Please reproduce the data exactly, excluding any pictures it contains.

**Information shown:**
◆ ◆ ◆
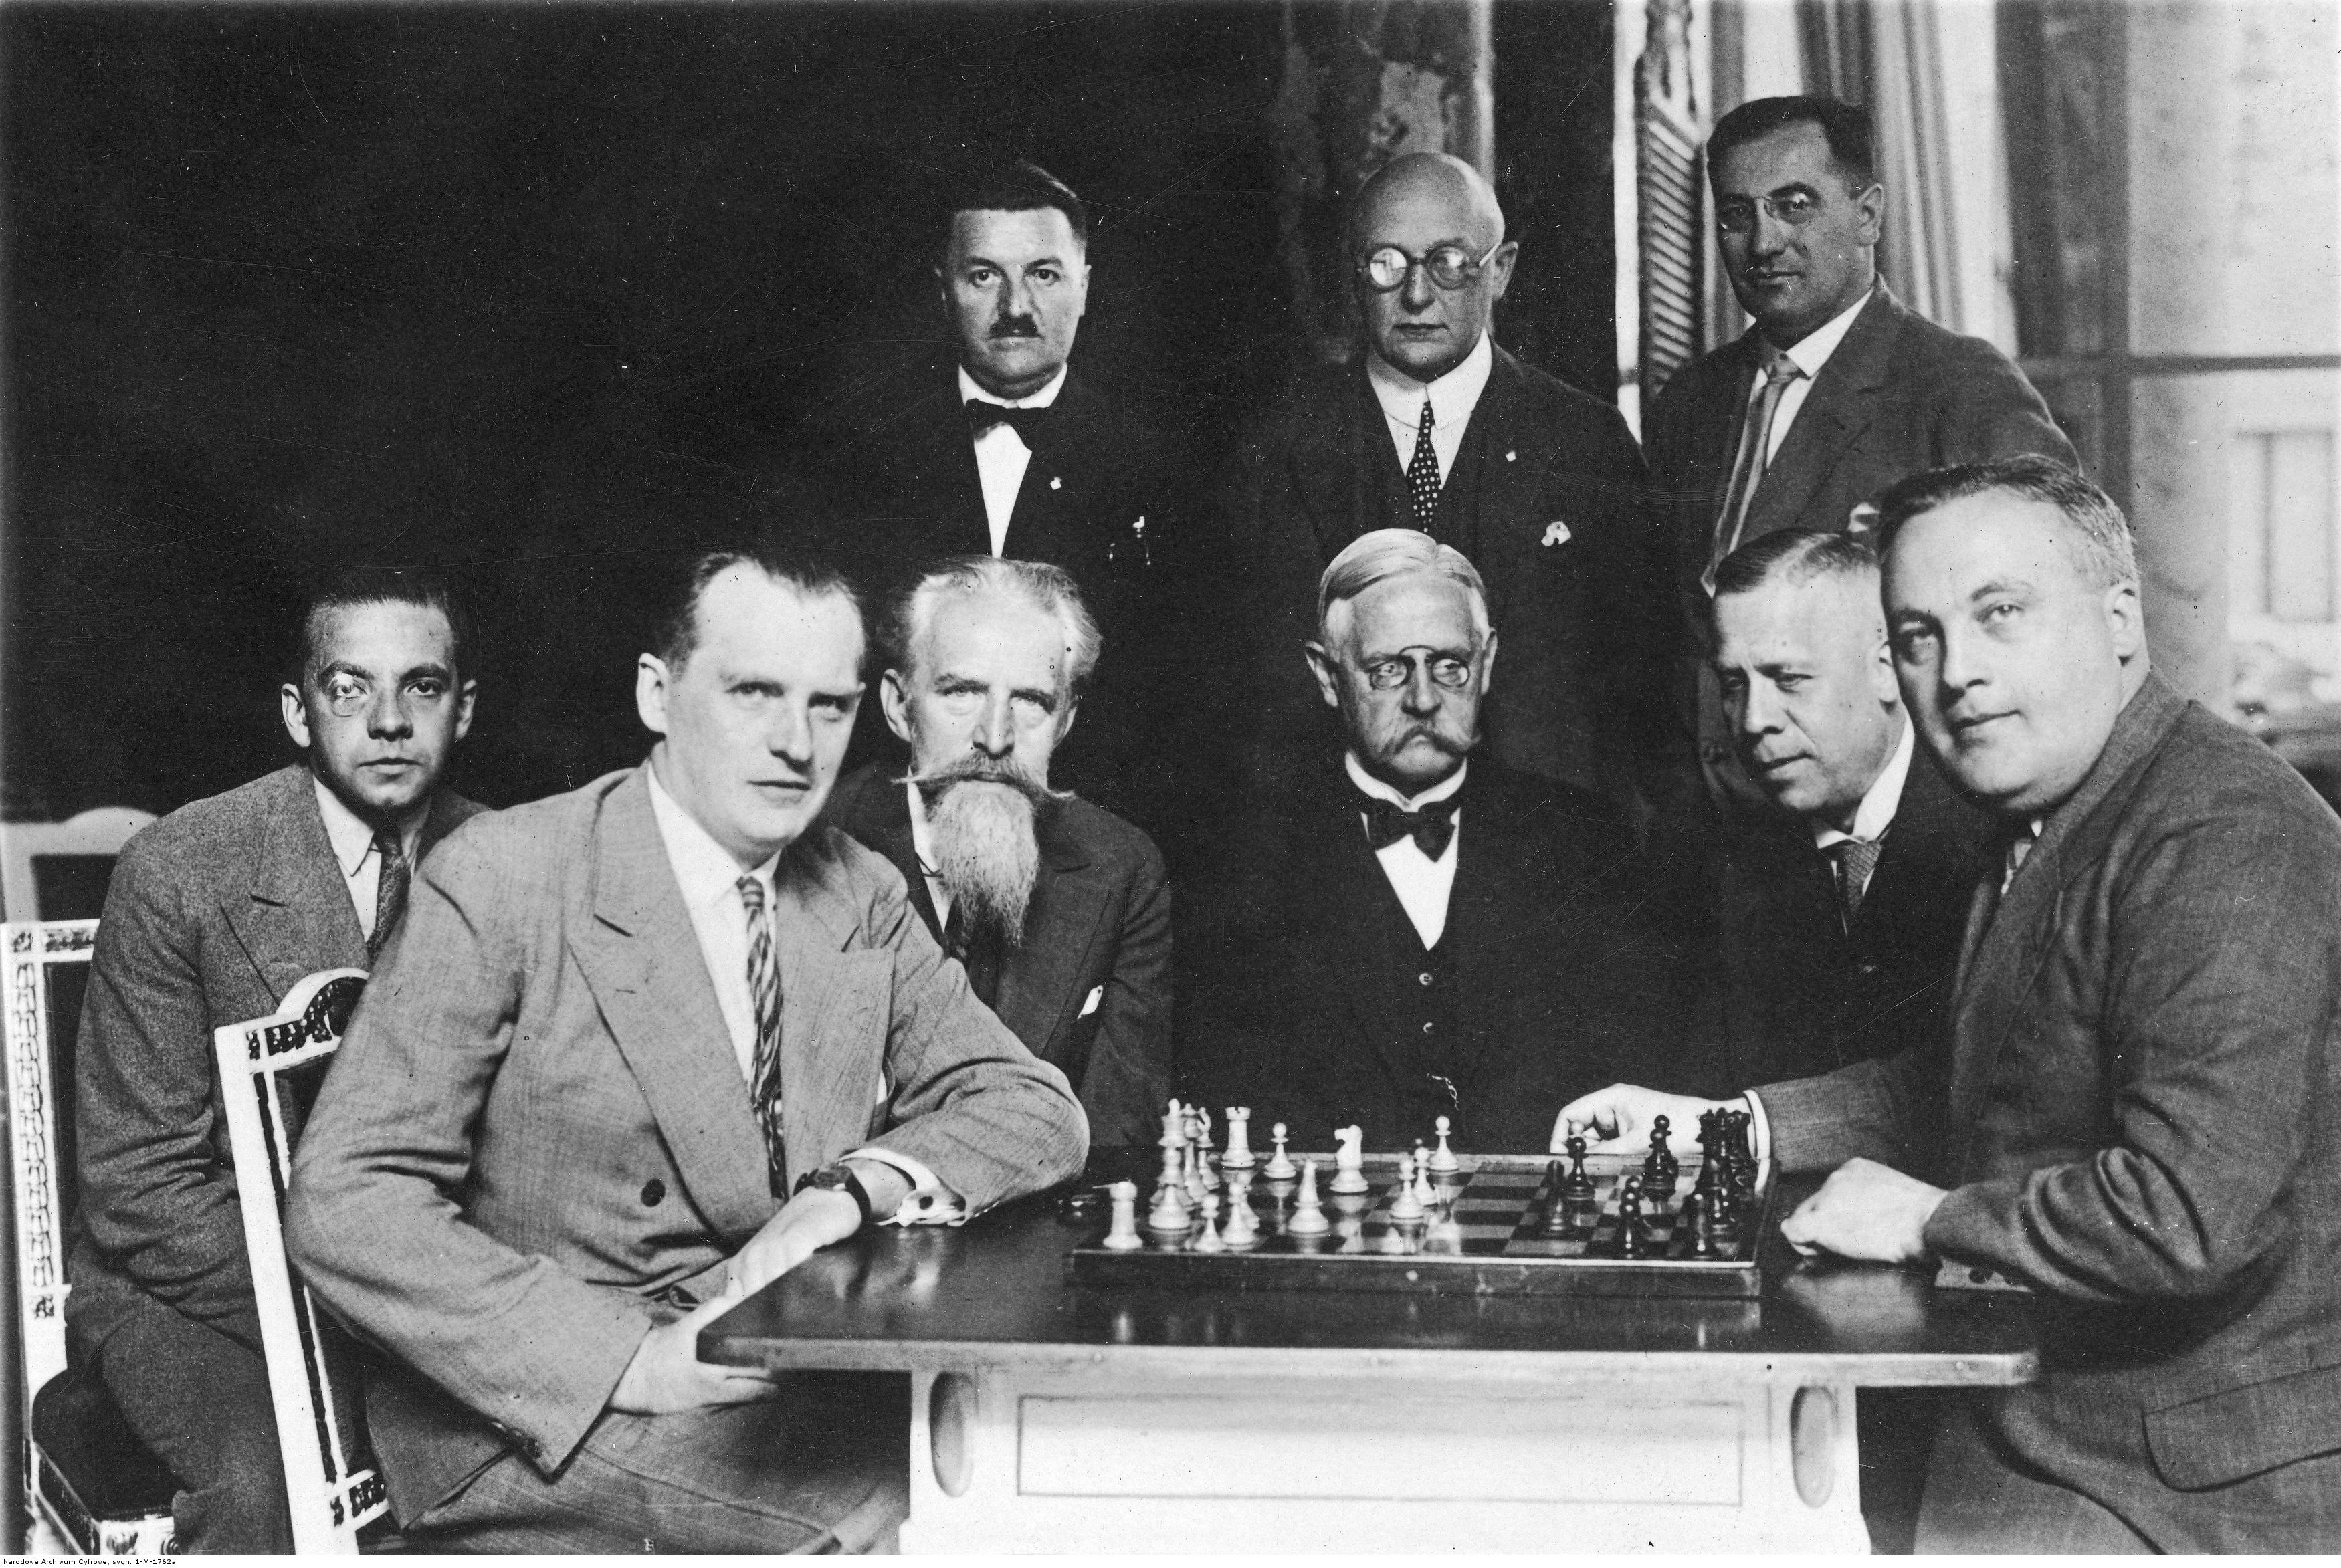 Encounter With Alekhine – The Forward
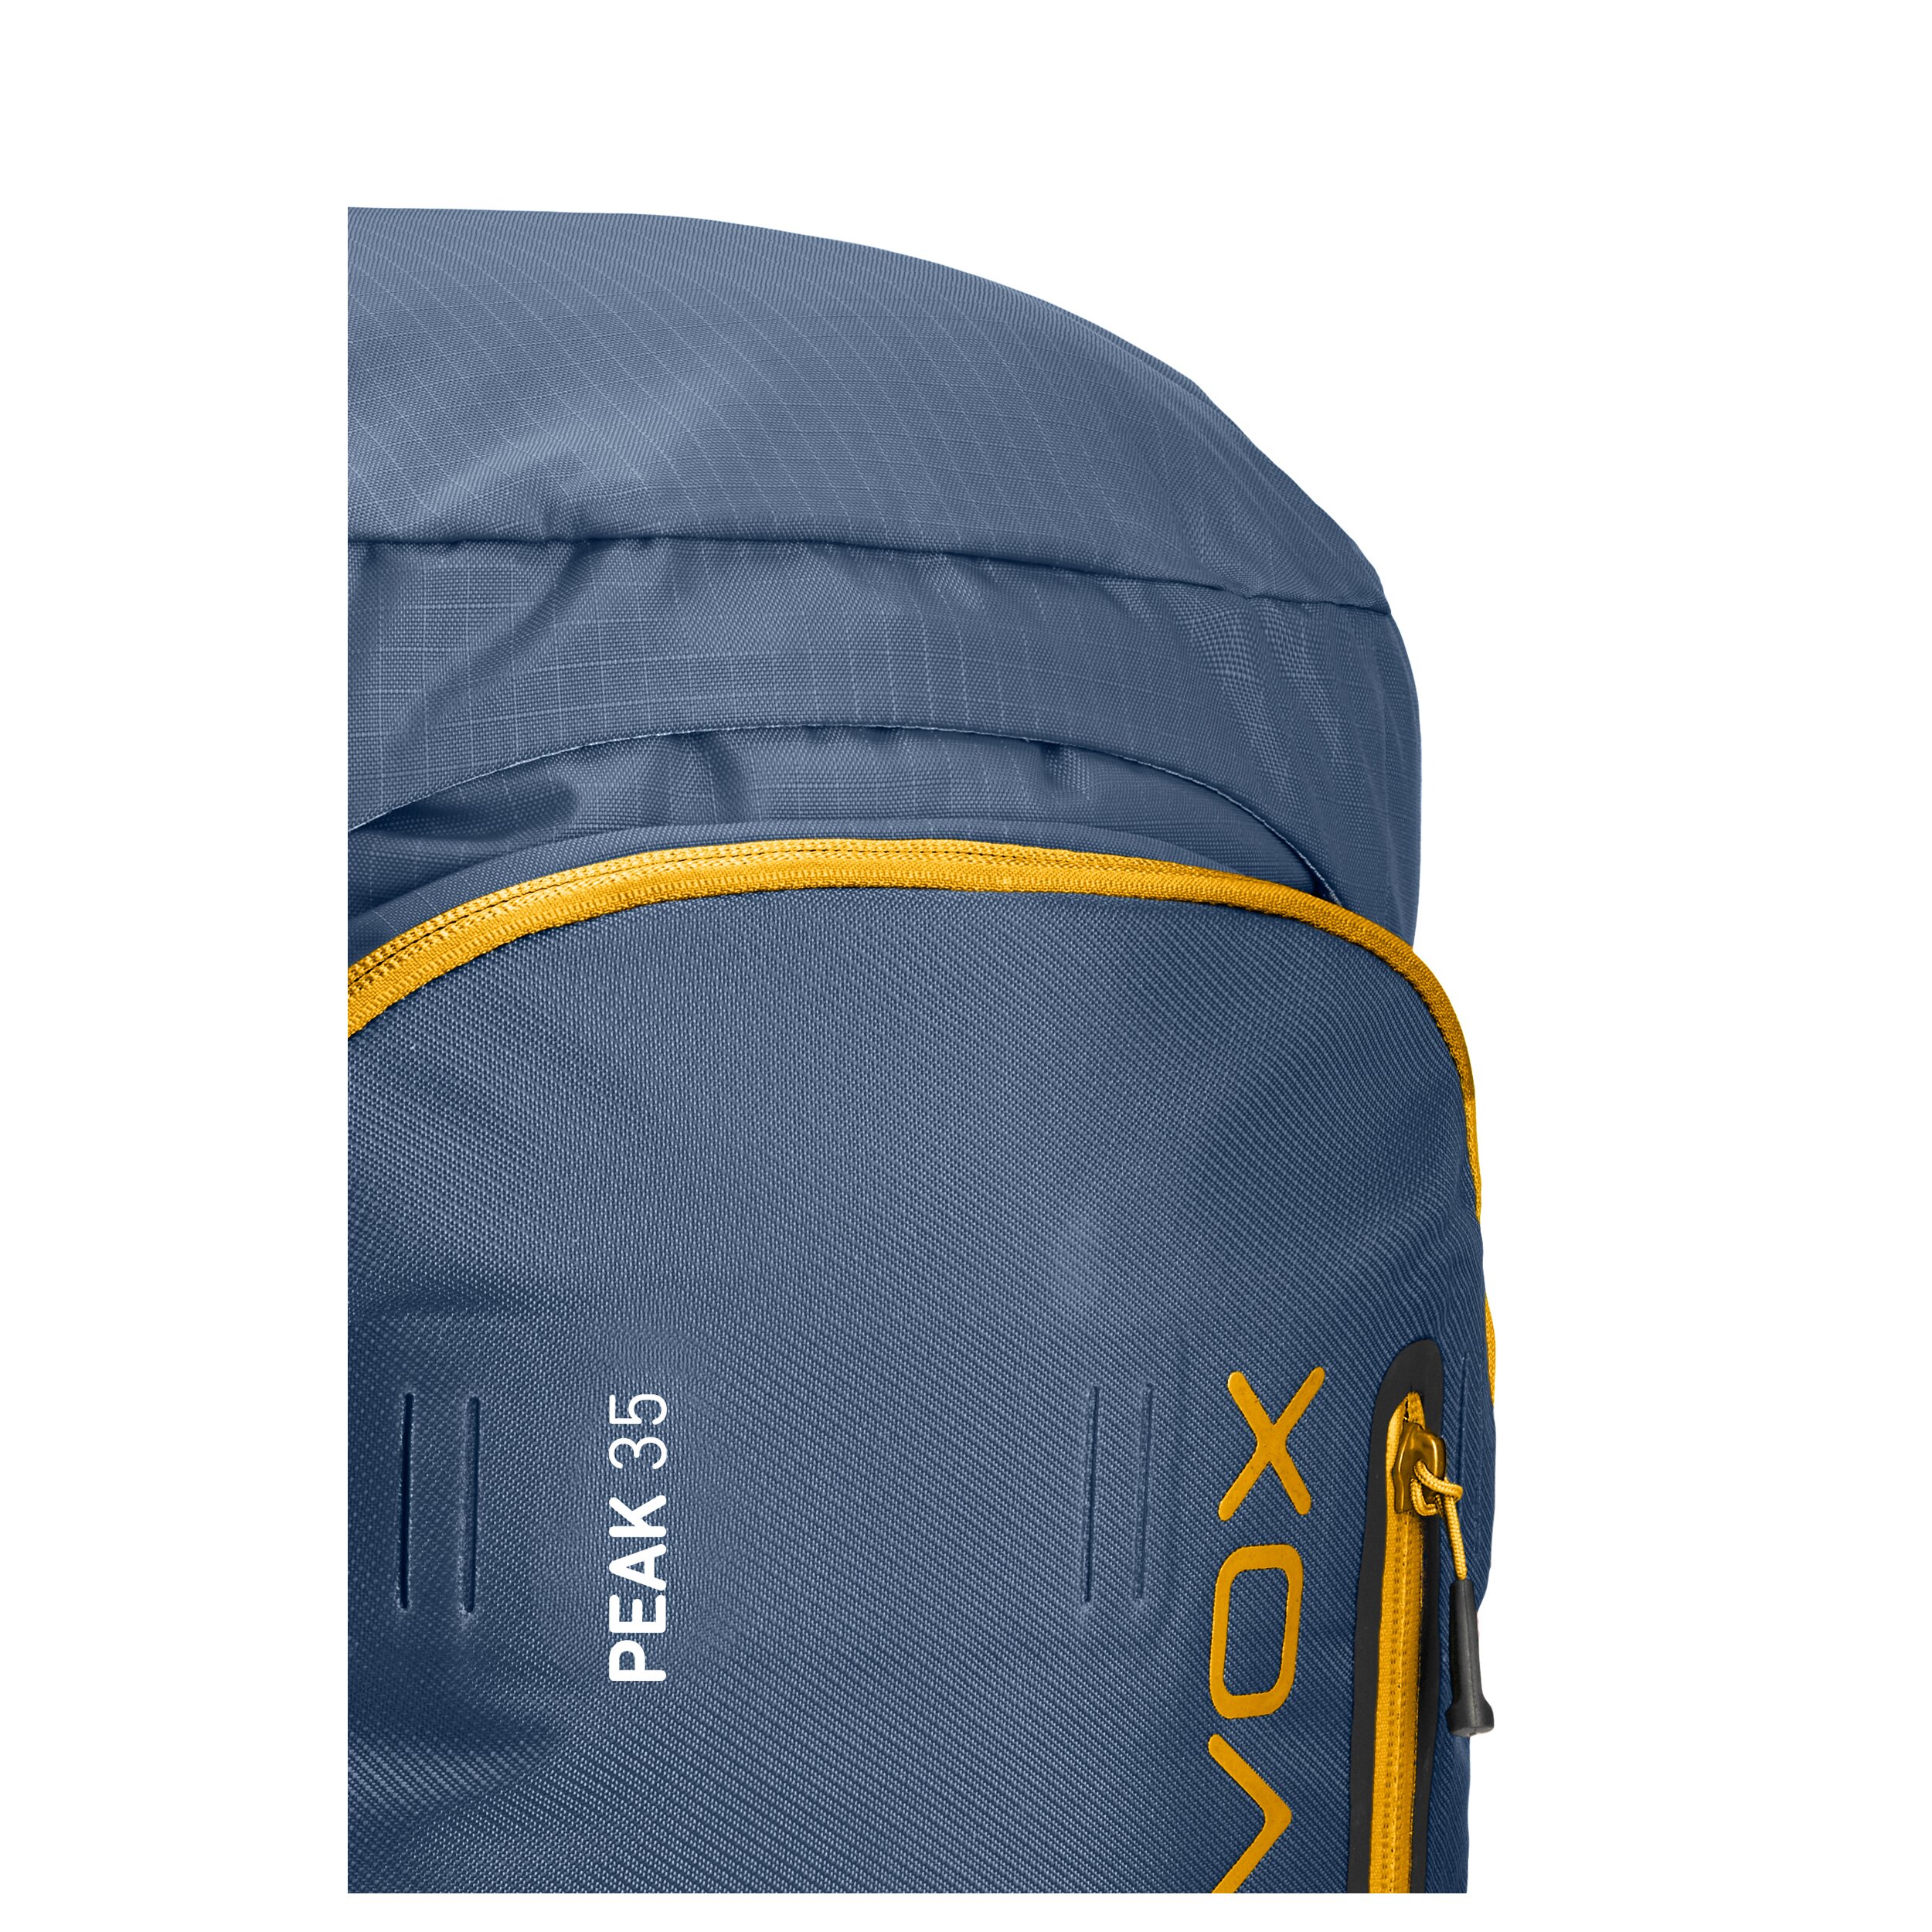 Ortovox Backpack Peak 35 l Mod 46251 Blu
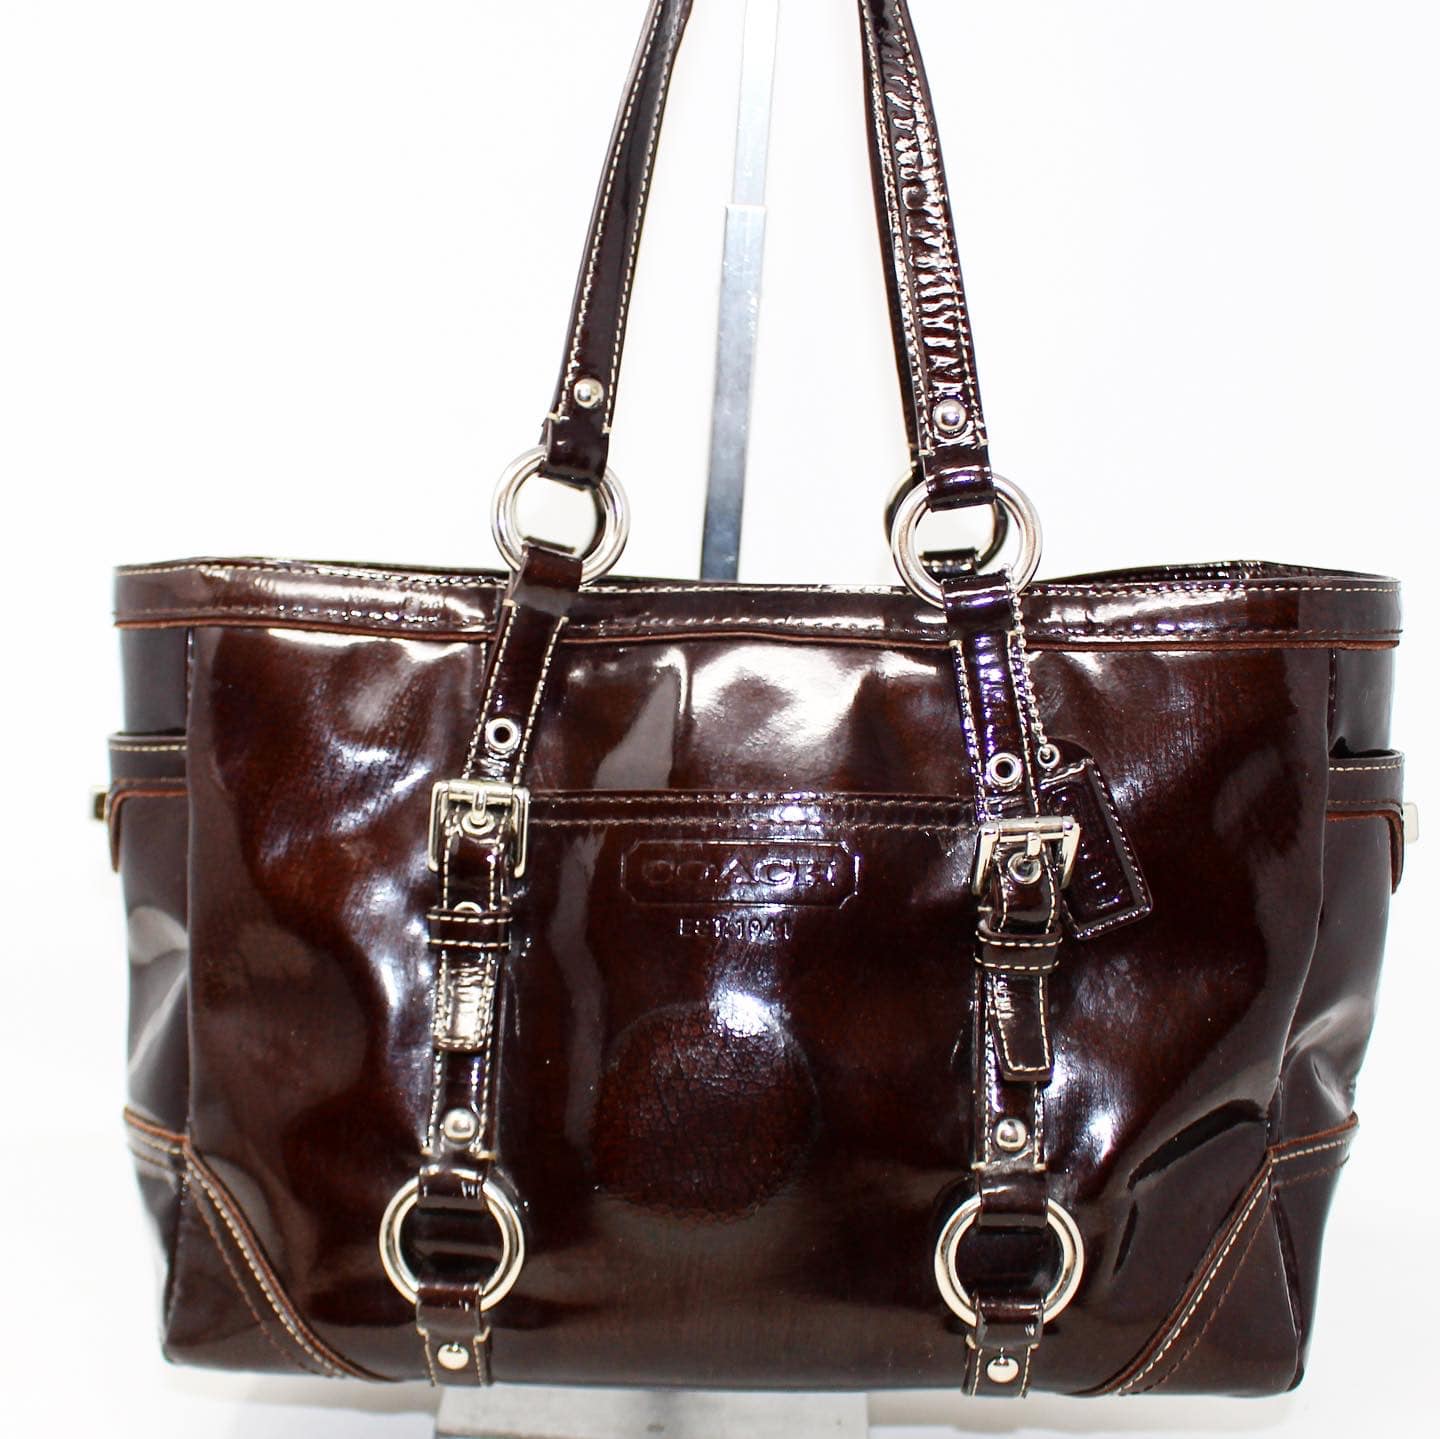 COACH #42320 Purple Patent Leather Handbag 1
◆ ◆ ◆
**The answer:**
 Encounter With Alekhine – The Forward
 Ortovox Backpack Peak 35 l Mod 46251 Blu
 COACH #42320 Purple Patent Leather Handbag 1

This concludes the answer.